▶ **Supplied information**
________________________________________

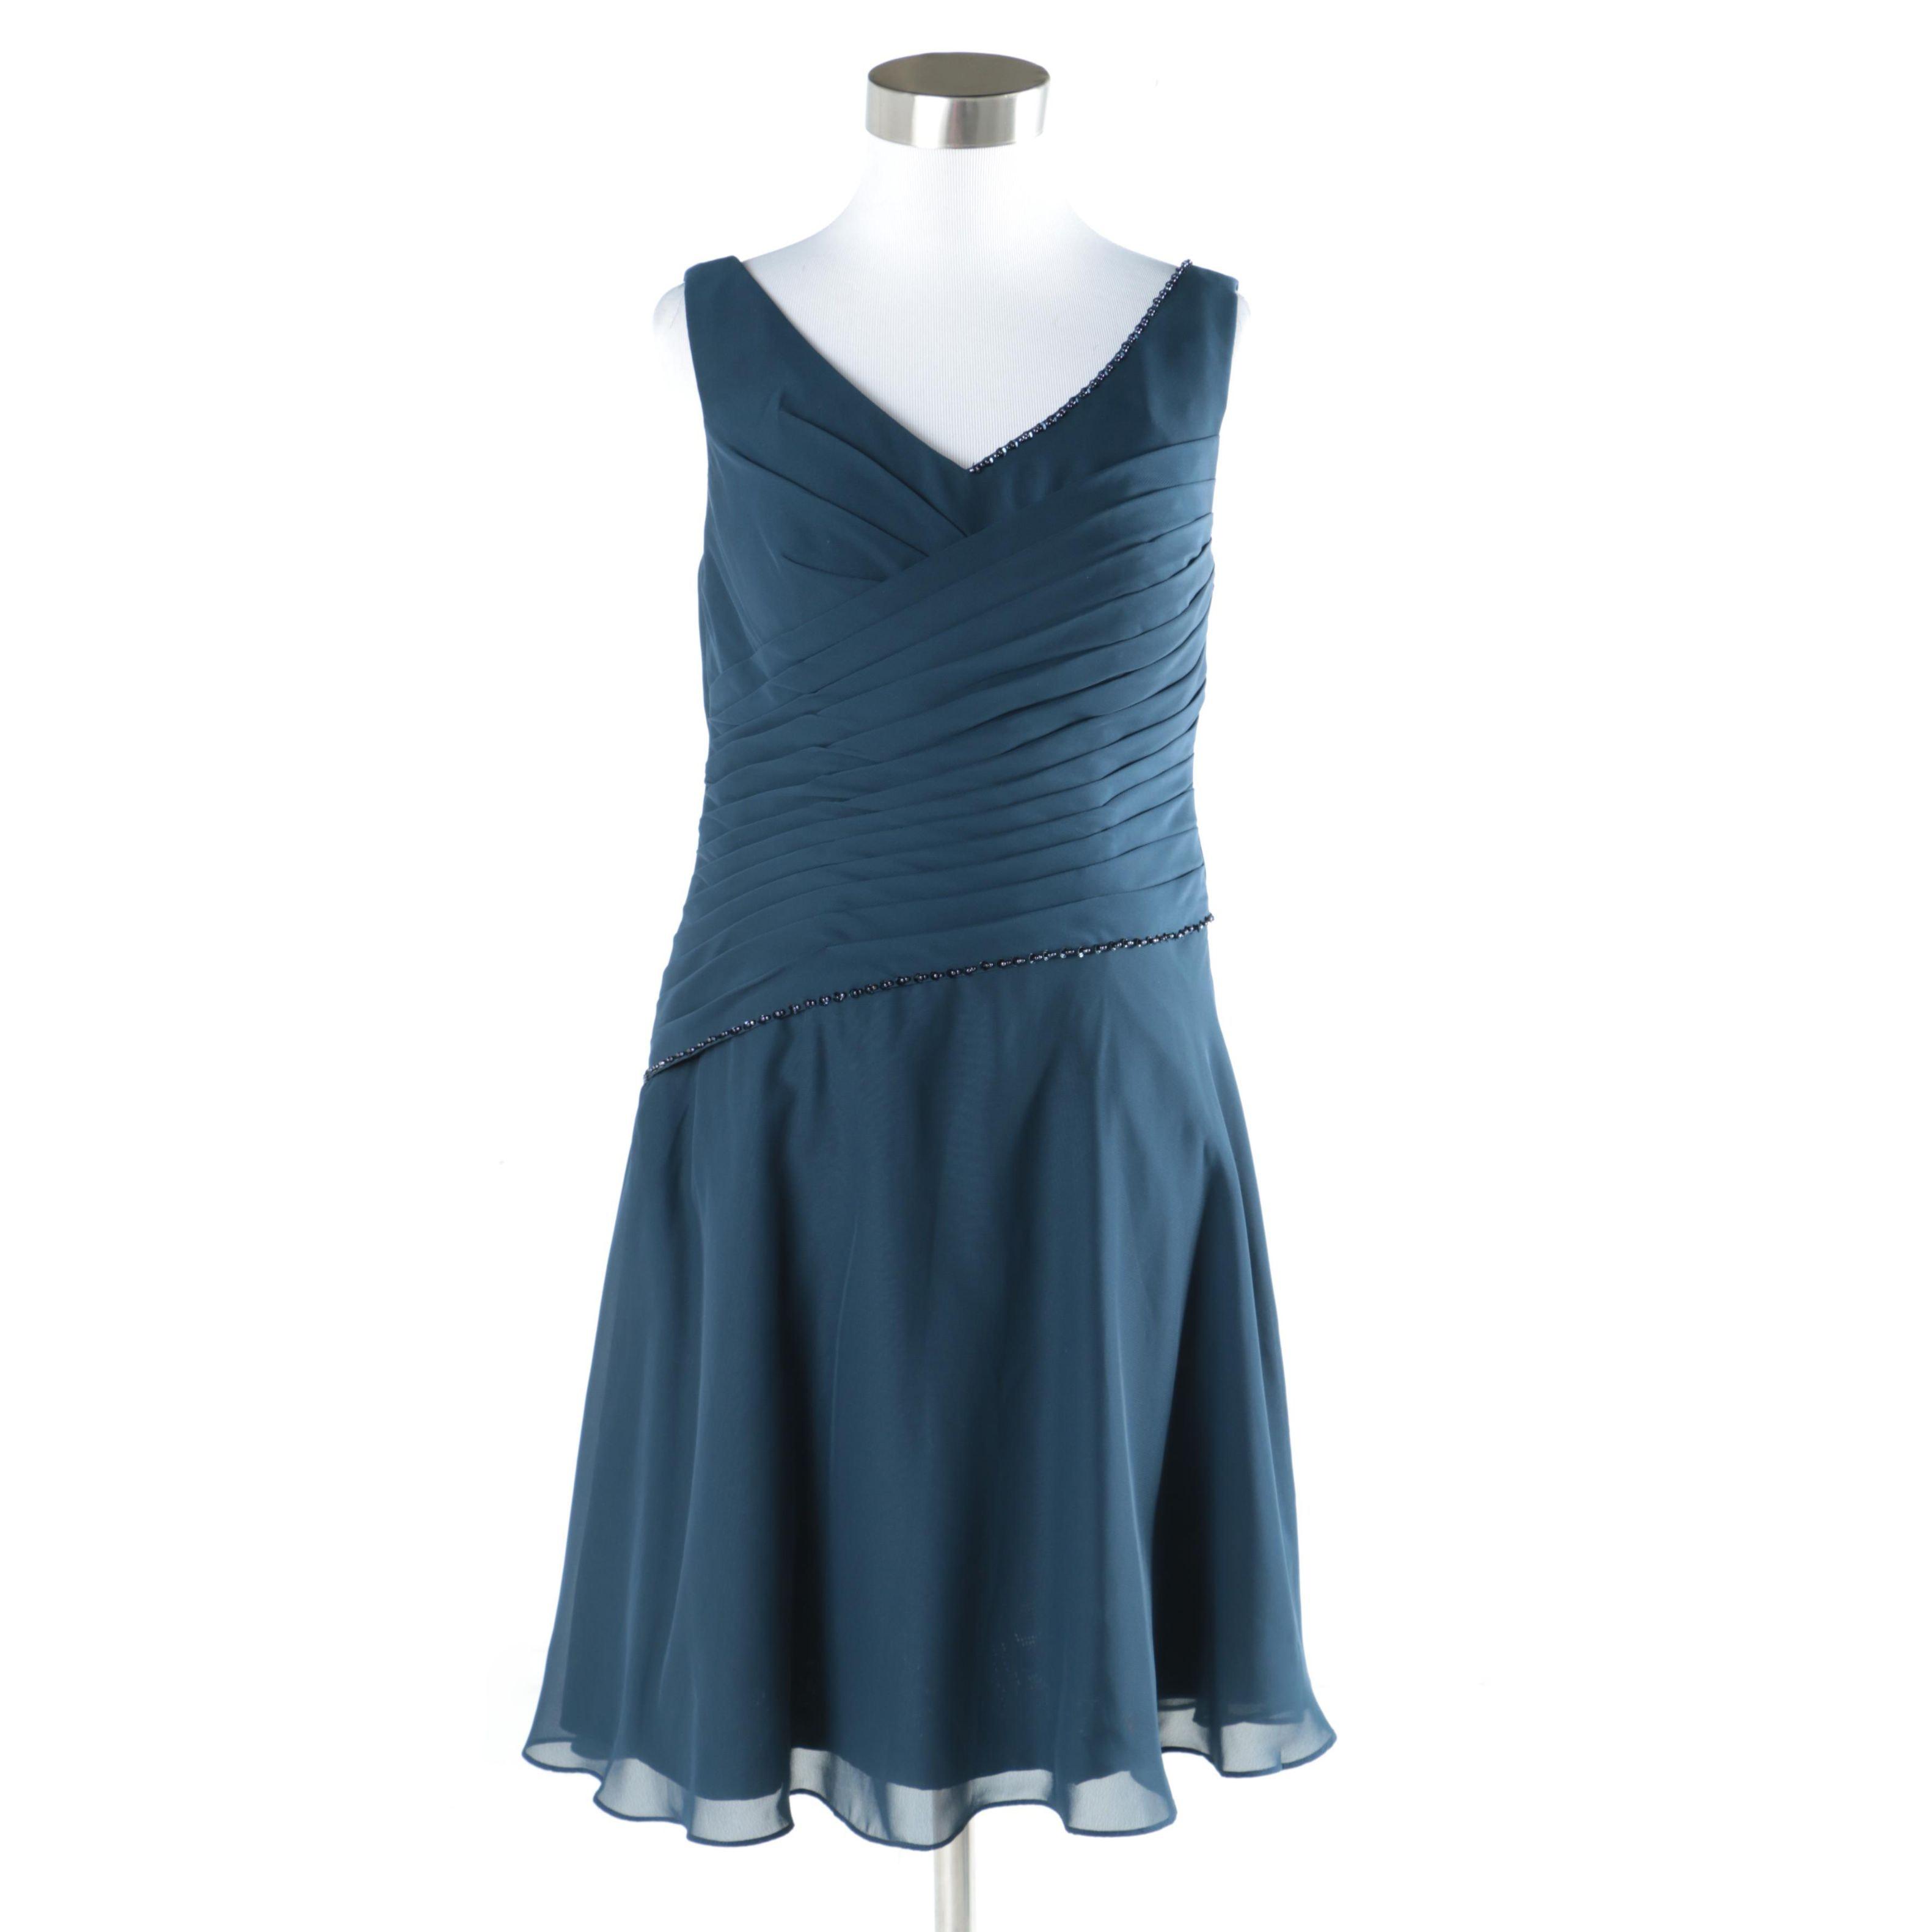 JJ's House Blue Chiffon Beaded Dress
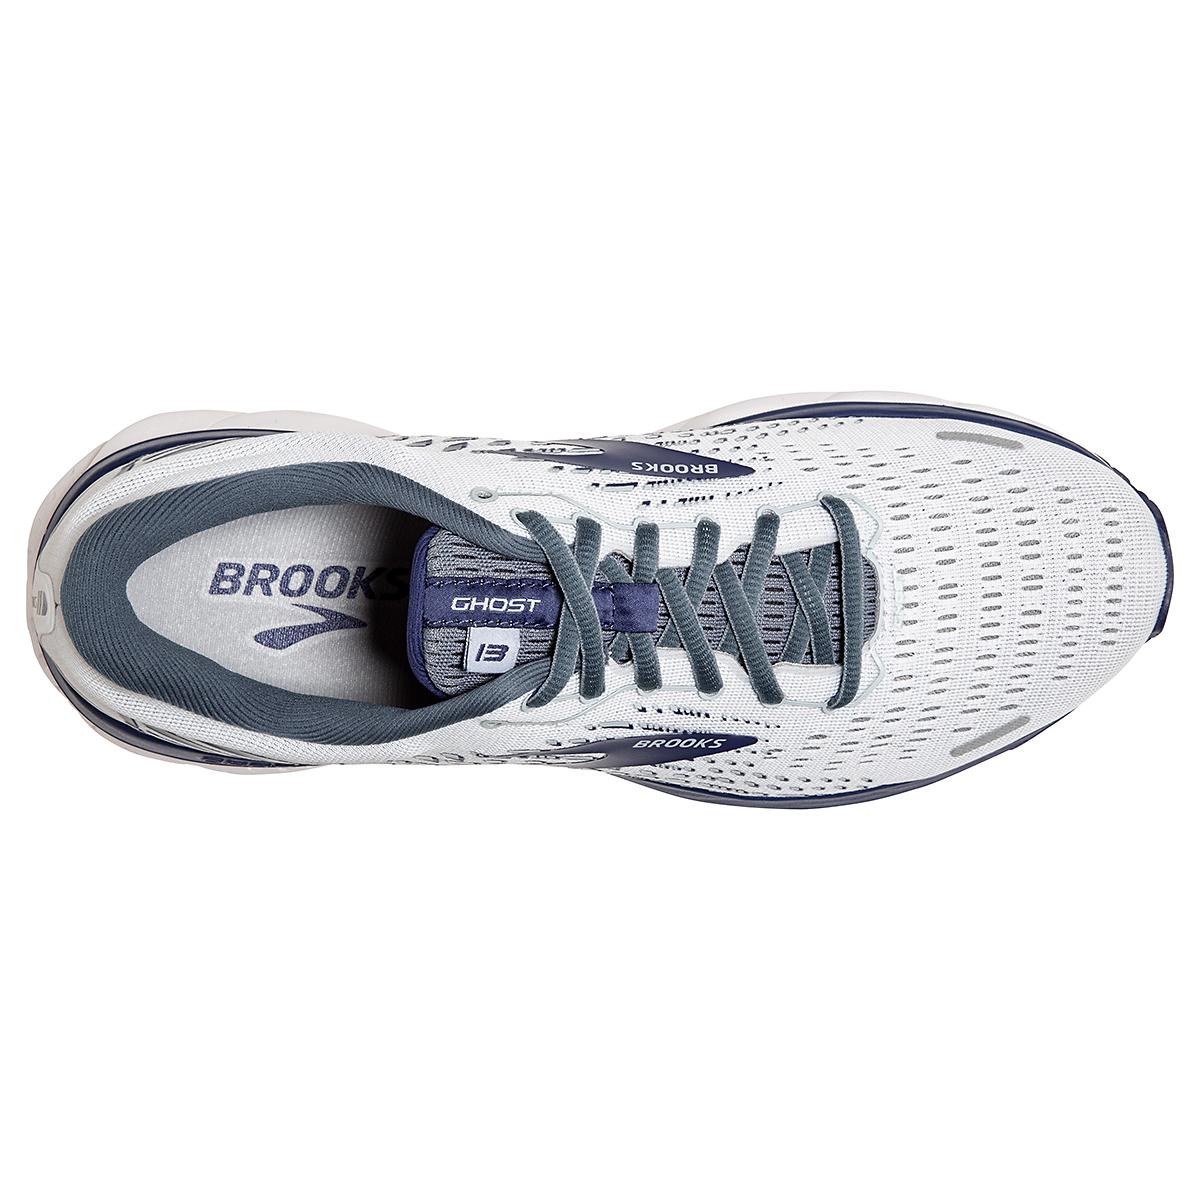 Men's Brooks Ghost 13 Running Shoe - Color: White/Grey/Deep Blue - Size: 7 - Width: Regular, White/Grey/Deep Blue, large, image 3
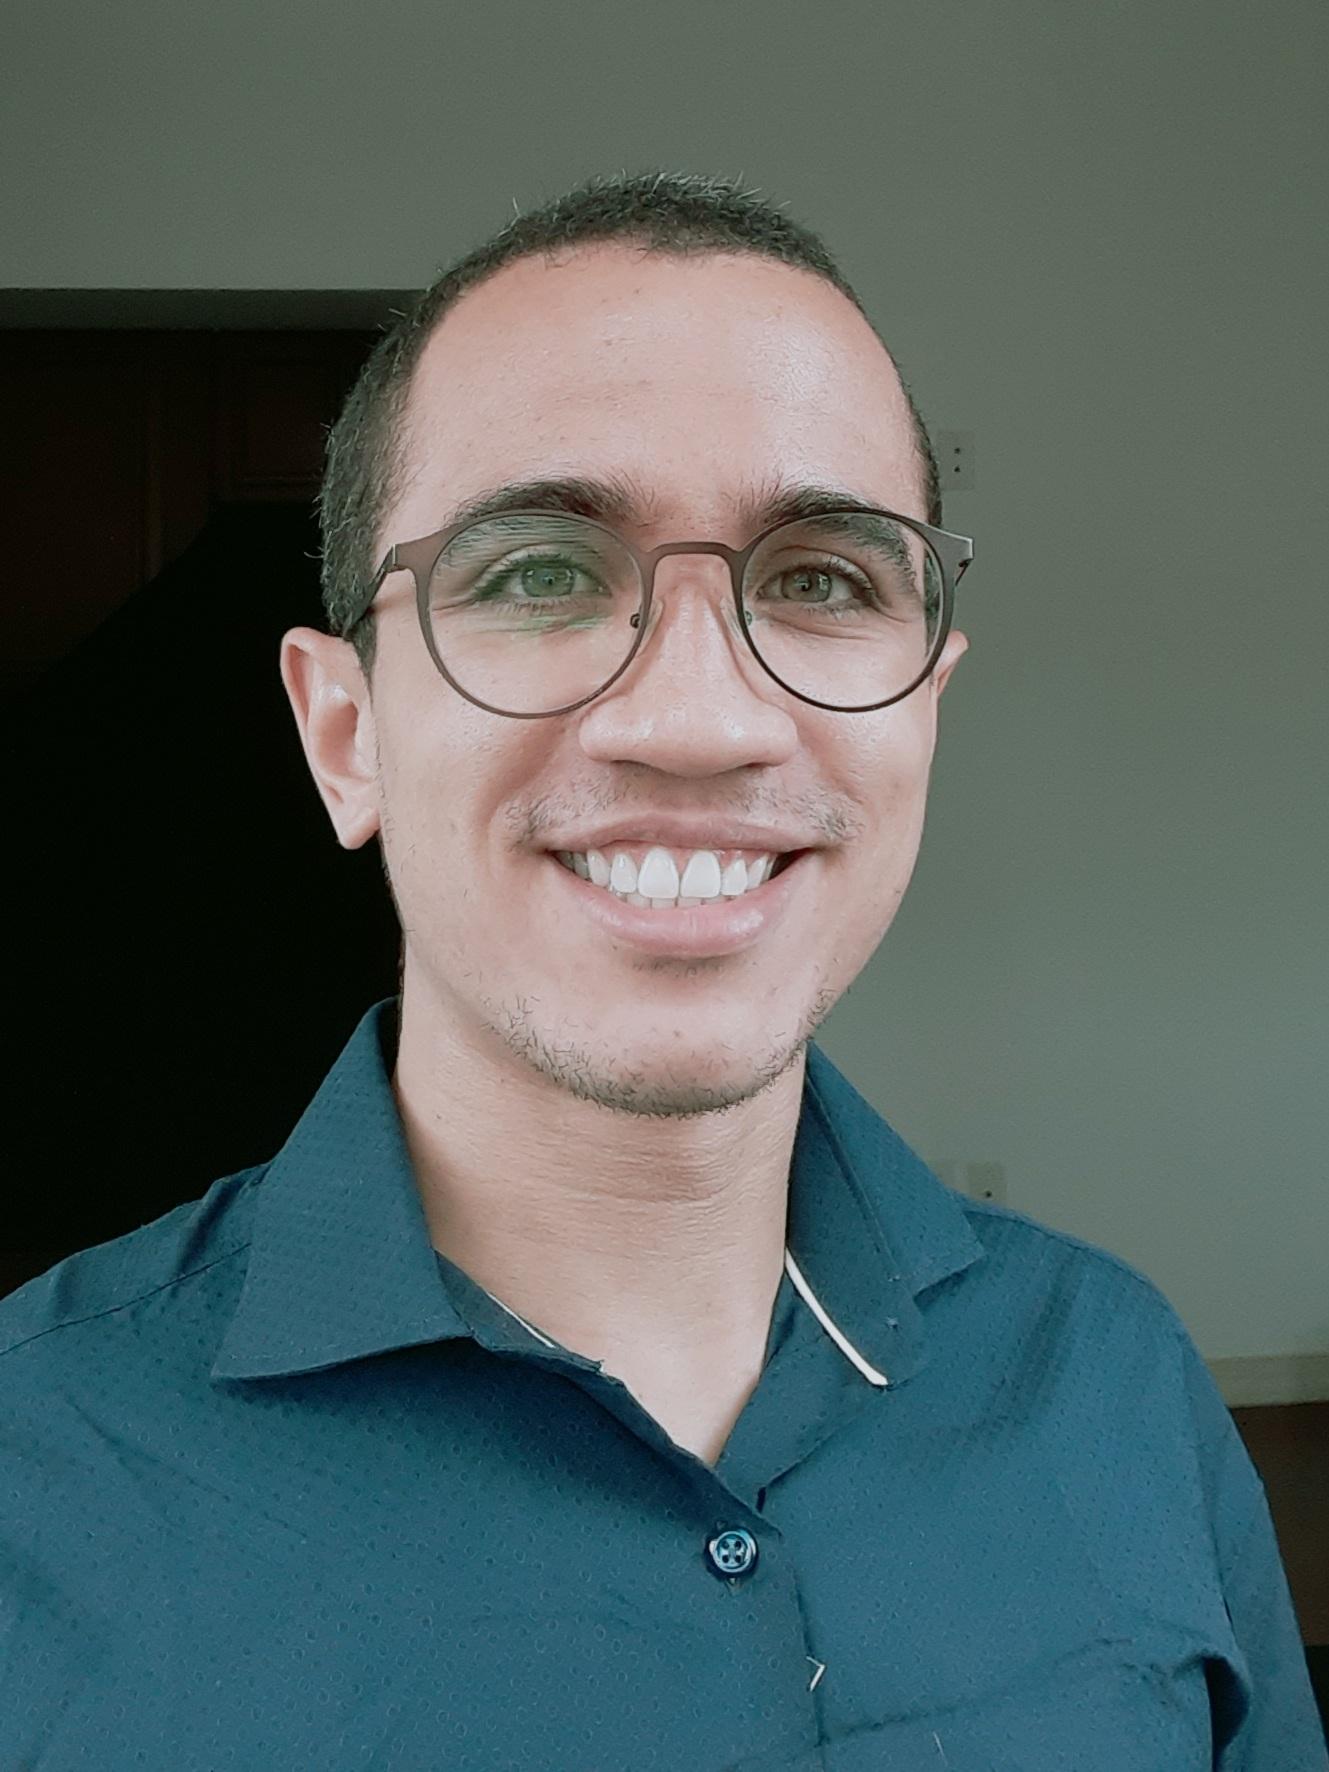 Thales Costa Silva
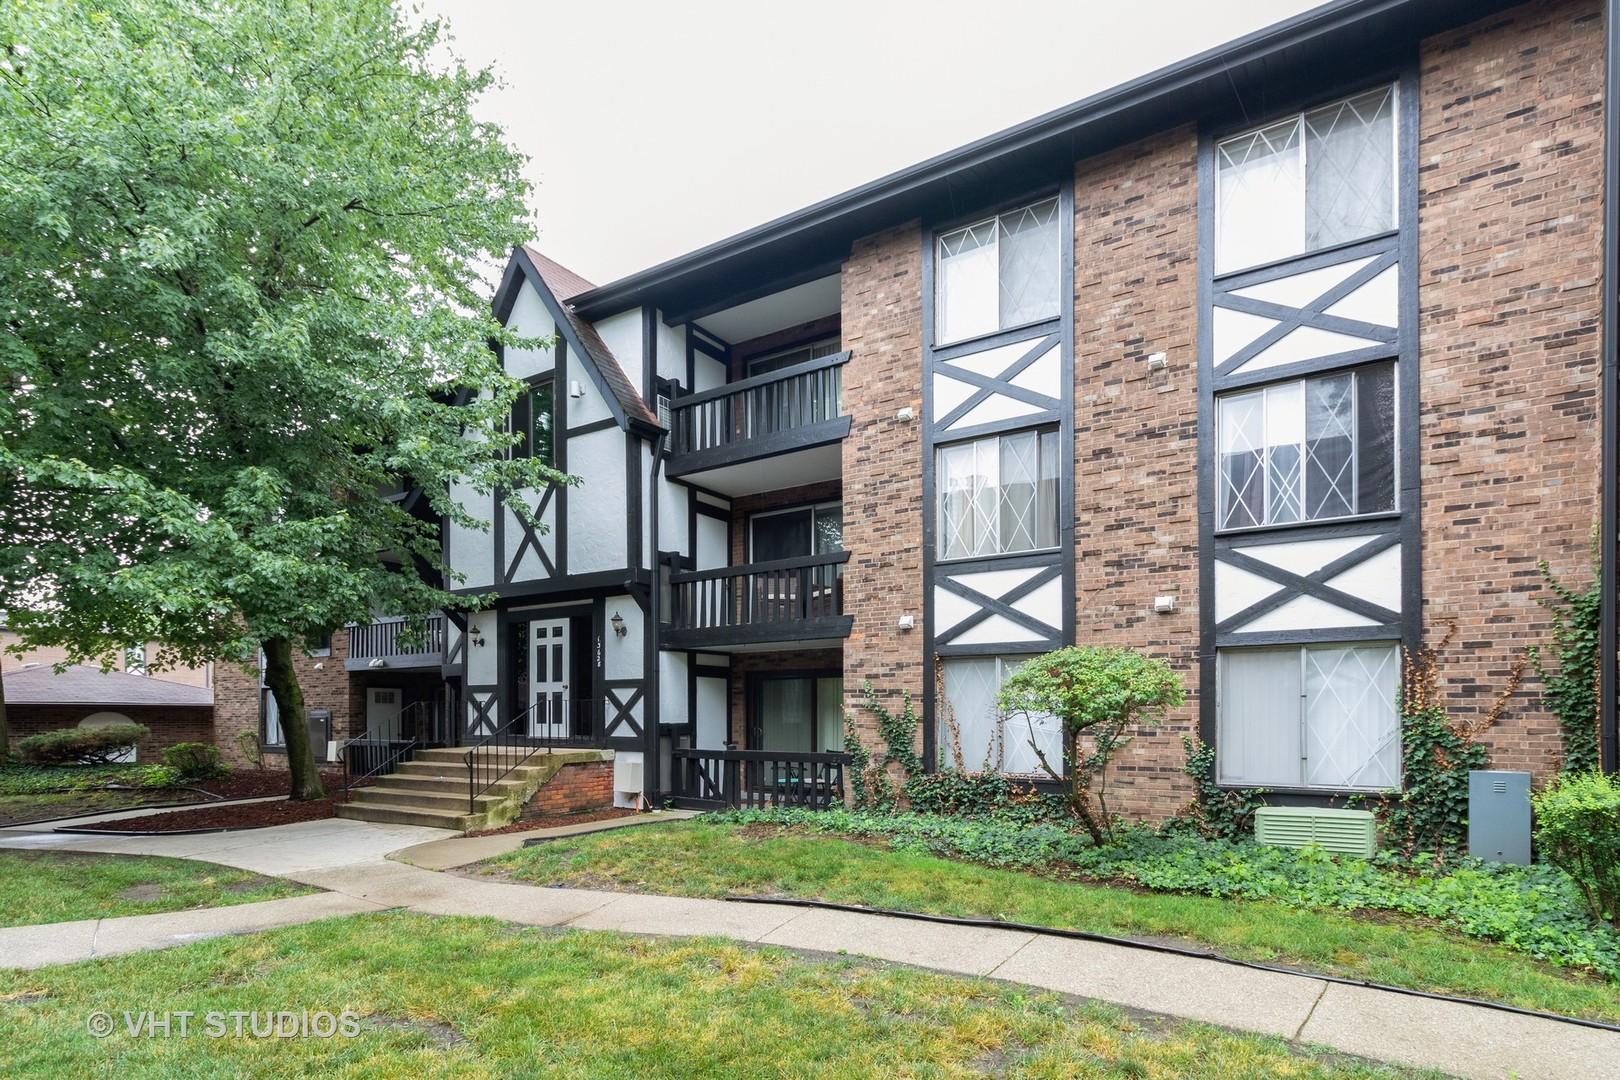 Property Search Results | Illinois Star, Ltd  REALTORS

________________________________________

▶ **Task details**
Give again the lines from the line that contains "Thales Costa Silva" through the last line of the material above, exactly and with both ends included. Omit the pictures.

▶ **Output of the task**
 Thales Costa Silva
 Property Search Results | Illinois Star, Ltd  REALTORS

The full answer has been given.